A question posed by El Reg to Australian opposition communications spokesperson Malcolm Turnbull has opened up something of a can of worms.

It’s probably unfair to say that Turnbull “floated” or “supports” the idea of Australia imitating the Openreach “Fibre on Demand” model. He merely didn’t dismiss the notion out-of-hand.

But with the idea in the debate, what about the numbers?

The first thing to understand about the Openreach model is that in commercial terms, it’s brand-new. BT Openreach doesn’t actually have a finalised price sheet for the installation yet. Estimates range from £1,000 to £1,500 – up to $AUD2,250 – for a “typical” connection, plus a fixed £500 ($750) installation fee.

The big “if” is “if you live within 500 metres of the fibre” – that is, the cabinet at which your premises fibre will terminate.

The second big “if” is the availability of duct space. That is: there has to be room in the local ducts (now carrying copper) for BT to install the fibre. If there isn’t room for the ducts, then you’d better have deep pockets, because new ducts cost at least £46 per metre: say around $70,000 per kilometre.

If the BT Openreach pricing – sans duct costs – is accurate, then it seems to Vulture South that a level of commercial subsidy of some kind is involved.

The Register has sighted papers that put the cost of renting duct access from Telstra at $6.95 per metre (per year). Obviously, that price builds in a profit margin of some kind, but how much?

At £1,000 per 500 metres, BT is charging $3 per metre for a combination of duct access, fibre purchase (fibre is cheap, but it’s not free) – and the cost of actually pulling the fibre, which is also not free.

Hence the suspicion that BT is discounting the service, for commercial reasons. A couple of possibilities exist:

1. Long-term recovery from subscription fees – since the fibre is there forever, and presumably will have subscribers forever.

2. Cost equalisation – the first home in an area is heavily discounted, on the basis that some of the work becomes less expensive for later installations. For example, instead of pulling a single fibre strand to a premise, BT Openreach would (if it’s sensible) install multiple fibres. Later connections will cost BT Openreach less (the fibre’s closer to the home) but the subscriber will pay the same. Implications for Australia are difficult to draw without a full economic model to work on.

However, the model would depend on three things at least:

1. Sufficient users within a reasonable distance of their node

At (say) $1,500 to $2,000 for a 500-metre cable pull, there may well be households and businesses willing to pay to get access to a BYO fibre service. After all, NBN Co’s Jim Hassell told Senate Estimates in October 2012 that 44 percent of users connecting to the NBN had adopted the 100 Mbps service (well ahead of NBN Co’s own business plan).
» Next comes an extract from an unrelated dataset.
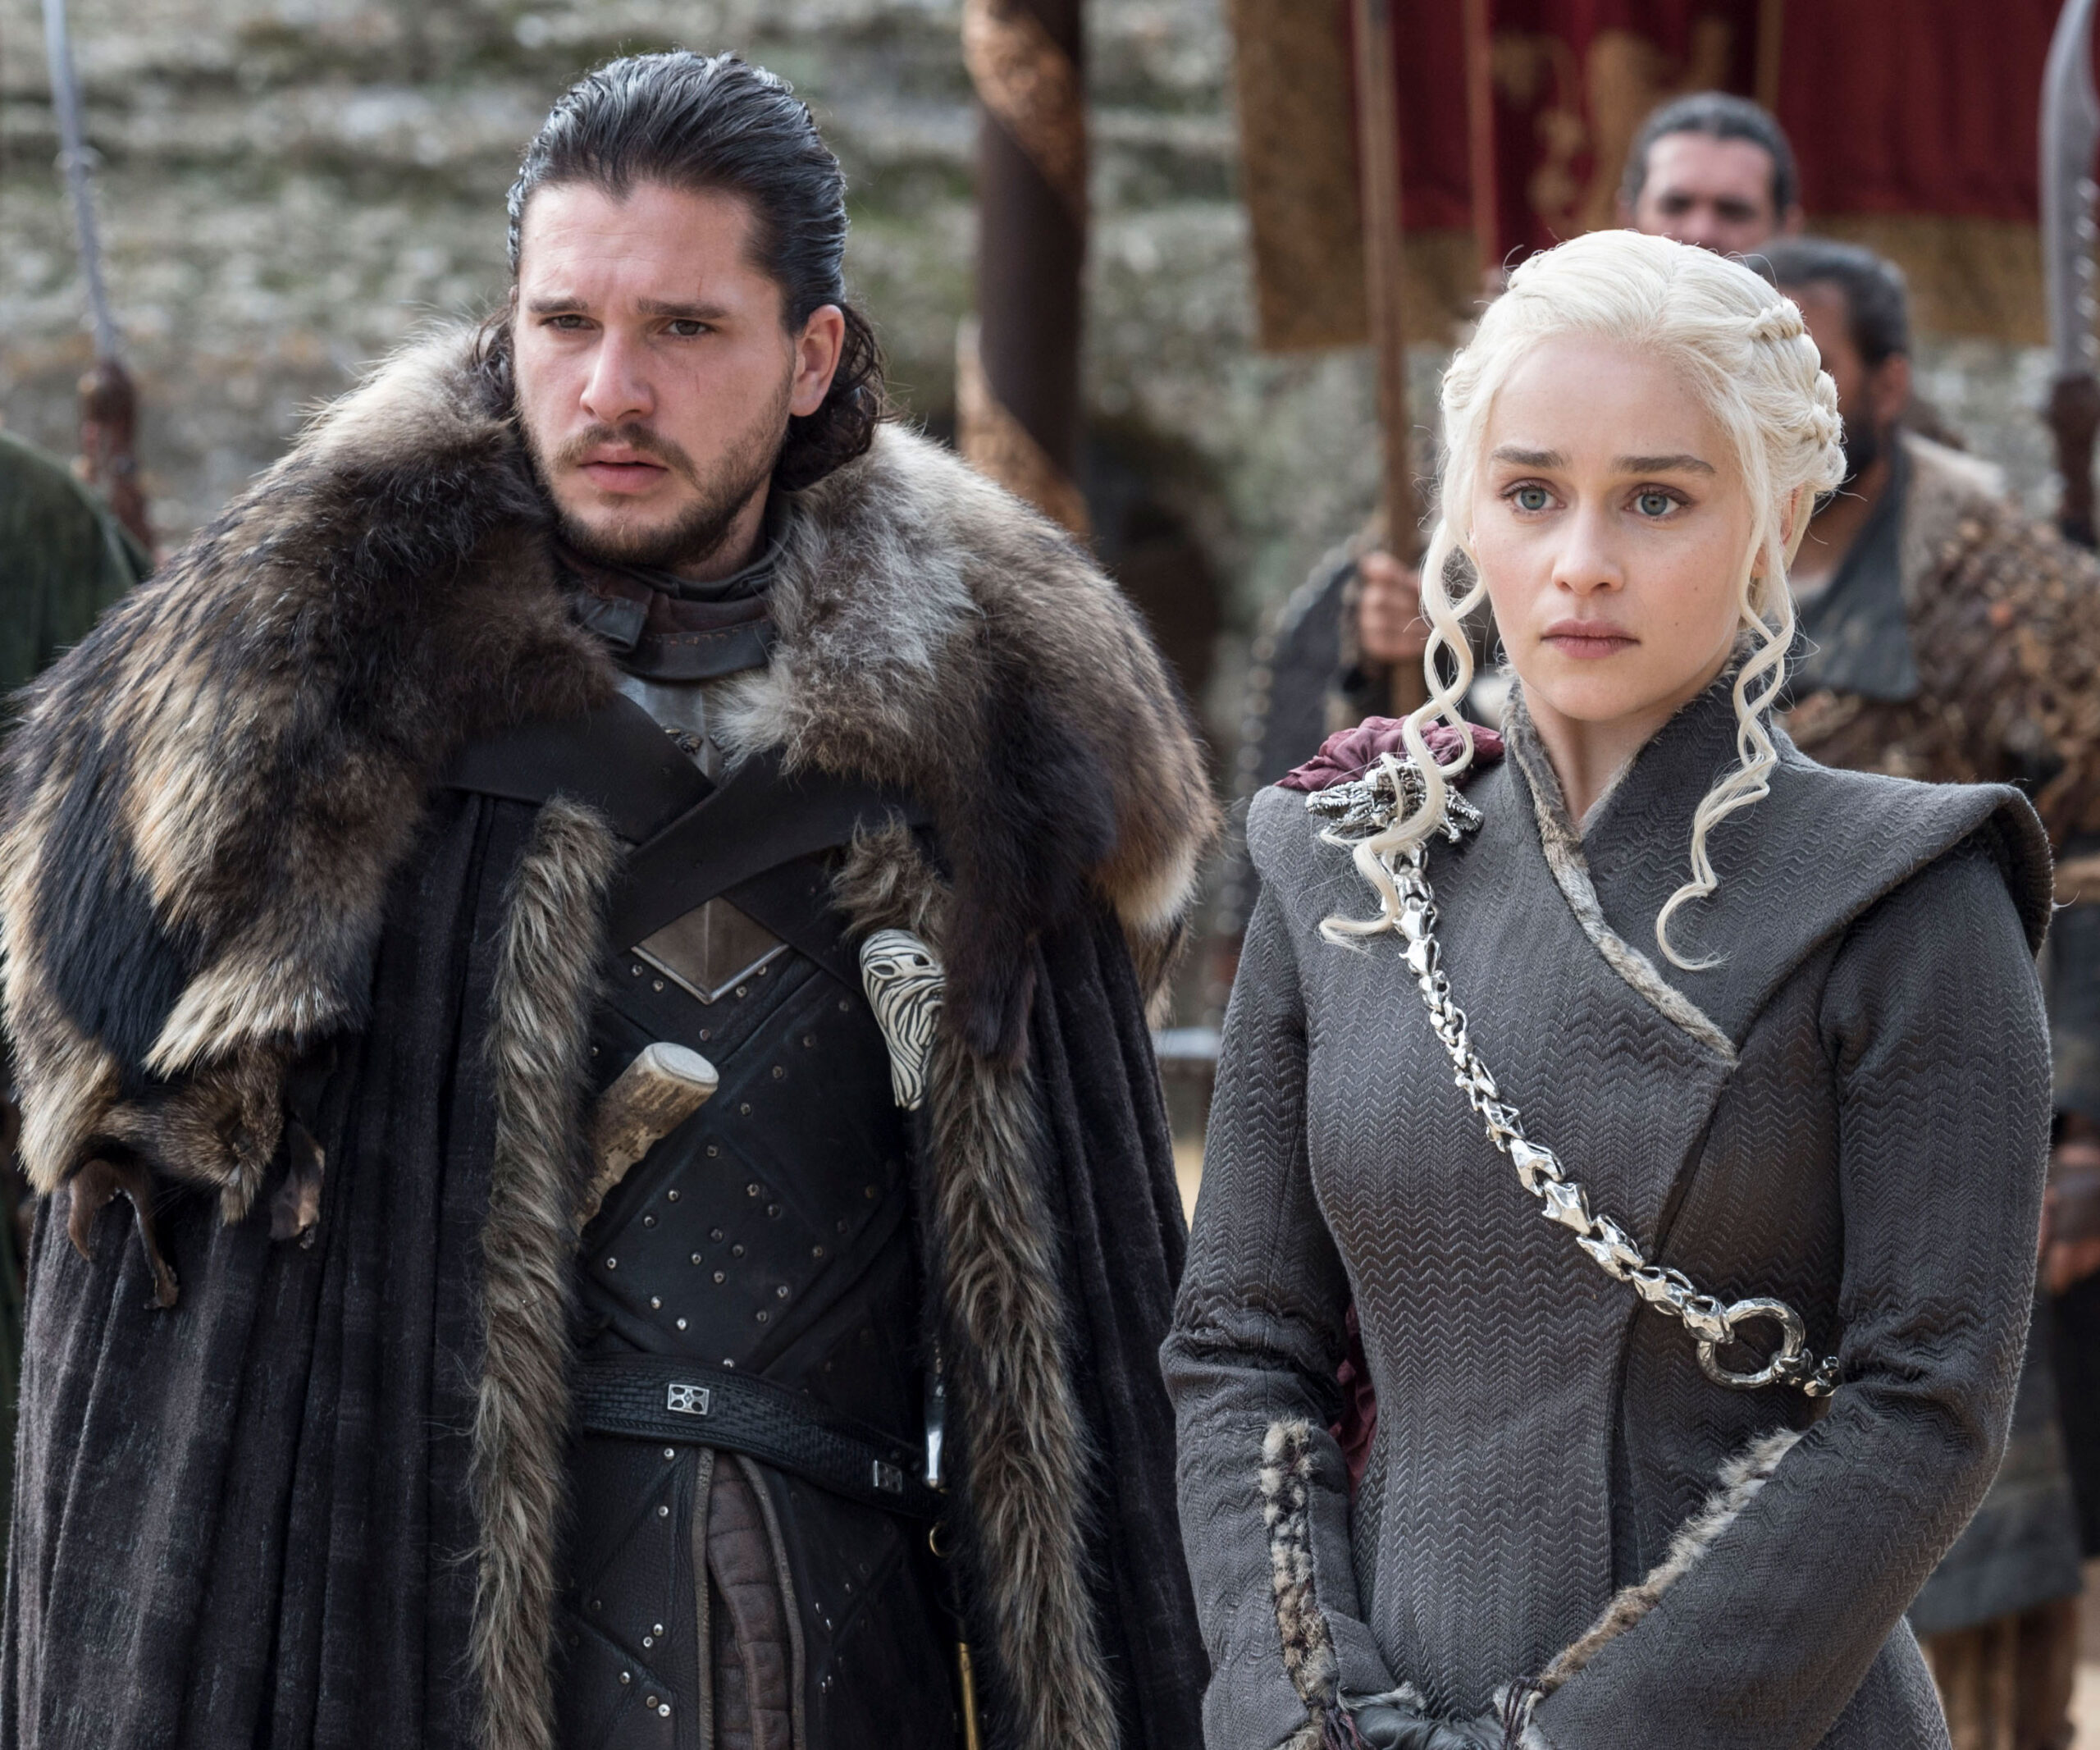 Kit Harington warns not all Game of Thrones fans will be happy with the ending

2. Sufficient available, usable duct space

This is an unknown, since only Telstra – and NBN Co to a certain extent – can discuss which ducts could accommodate fibre without new duct work (which costs plenty, as BT Openreach’s pricing shows).

3. Telstra

The big if. Under the Coalition plan, the Telstra / NBN Co multi-billion-dollar duct access deal would have to be unwound – and then Telstra would have to be convinced to offer affordable fibre cable-pulling to end users.

Economic Value of Duct

For an Australian estimate, let’s ignore the new duct problem and assume, instead, that the real economic value of a duct as a sunk-cost is in the order of 20 cents per metre per year. NBN Co, for example, is paying $AU5 billion over 30 years ($167 million per year) for access to millions of kilometres of Telstra duct.

Since the owner of the duct is the same company as owns the fibre, it doesn’t matter much if its $150 notional annual value is ignored in the charge – because the expensive part of the installation is getting the fibre through the duct.

If you’re so efficient you can pull the fibre through at $5 per metre, if the fibre itself ships at $1, and if the average node-home distance is 750 metres (we’re less densely packed than in the UK), then the real cost of installation is $4,500.

The wholesale provider, or the retailer in the hope of recovery, or the government – someone would be footing the other $3,000.

Even if only five percent of households bought into the “DIY fibre” vision, the construction subsidy would amount to nearly a billion dollars.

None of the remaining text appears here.